One of Heroku's most interesting strategies wasn't a technical hack at all, but how they consciously went about deploying their Ops personnel in response to the emergency. An outline of their strategy is:
- Monitoring systems immediately alerted Ops to the problem.
- An on-call engineer applied triage logic to the problem and classified it as serious, which caused the on-call Incident Commander to be woken out of restful slumber.
- The IC contacted AWS. They were in constant contact with their AWS representative and worked closely with AWS to solve problems.
- The IC alerted Heroku engineers. A full crew: support, data, and other engineering teams worked around the clock to bring everything back online.
- The Ops team instituted an emergency incident commander rotation of 8 hours per shift, once it became clear the outage was serious, in-order to keep a fresh mind in charge of the situation at all times.
- Status updates were frequentish, even if they didn't add a lot of new information, just to let everyone know Heroku was working the problem.
Incident Command System
Chrishenn in a comment on the Heroku post on Hacker News, thinks Heroku was using an emergency response system based on the Incident Command System model: a systematic tool used for the command, control, and coordination of emergency response. A picture of the model from wikipedia:
I've never heard of ICS before, but it looks worth looking into if you are searching around for a proven structure. Chrishenn says it works:
I've experienced it first hand and can say it works very well, but I have never seen it used in this context. The great thing about it is it's expandability---it will work for teams of nearly any size.
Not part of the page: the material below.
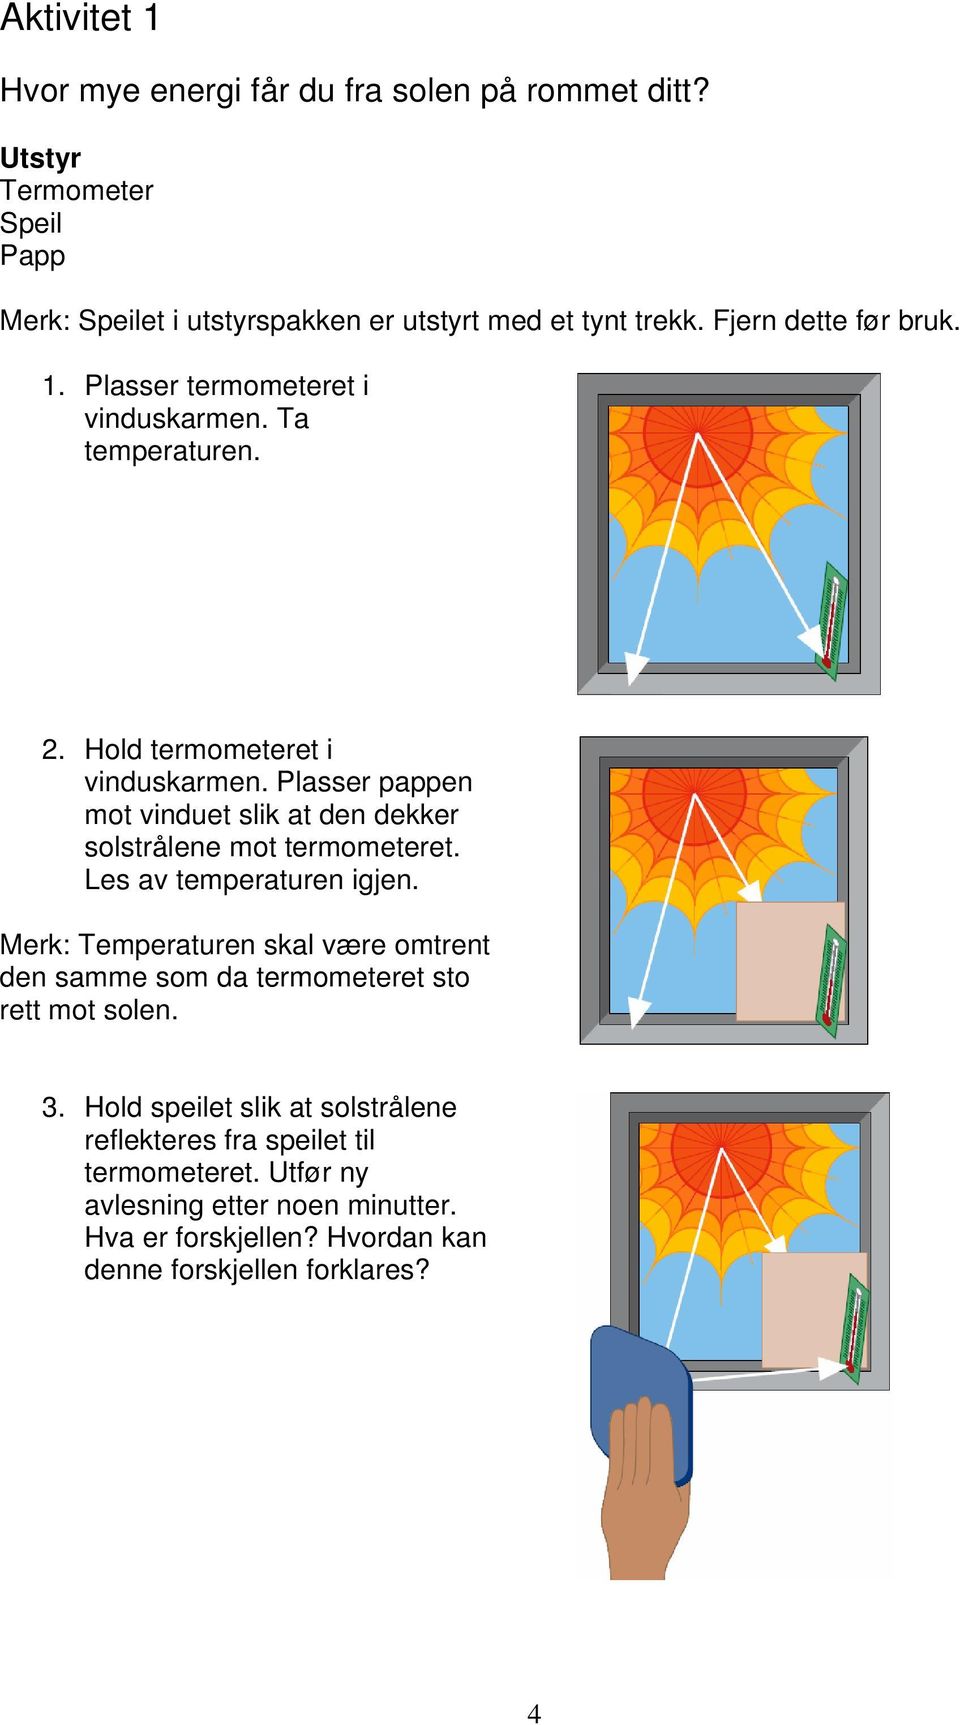 Plasser pappen mot vinduet slik at den dekker solstrålene mot termometeret. Les av temperaturen igjen.

I'd be interested in seeing if any other technology companies/backend teams are using it.
- Have a monitoring system so you know immediately when there are problems.
- Be a really big customer so Amazon will help you specifically with your problems. This seemed to help Heroku a lot. I noticed in the Amazon developer forums a lot of people forgot to do this and didn't get the personal help they needed.
- Have a structured emergency response process. Heroku has an on-call engineer, an IC coordinator, an escalation process, and the ability to call in all the troops when needed. It sounds like Heroku handled the incident like a well oiled machine. That takes practice, so practice ahead of failures instead of trying to figure out all this stuff when the EBS is falling.
- Recognizing that tired people make bad decisions and putting the coordinator on 8 hour rotation to prevent this type of secondary failure is really genius.
- Heroku's status update policy shows an insightful understanding of customer psychology. Managing customer feelings and expectations was a great move. Nobody wants to feel abandoned in a pressure situation. Even if the status updates did not contain a lot of details, they did show Heroku was there and cared.
- Do not over promise and under deliver. Heroku's status messages were measured, reassuring, and honest. Heroku didn't know what was wrong or when the service would be up again, so they just didn't say. Nothing creates resentment faster than lying in these situations.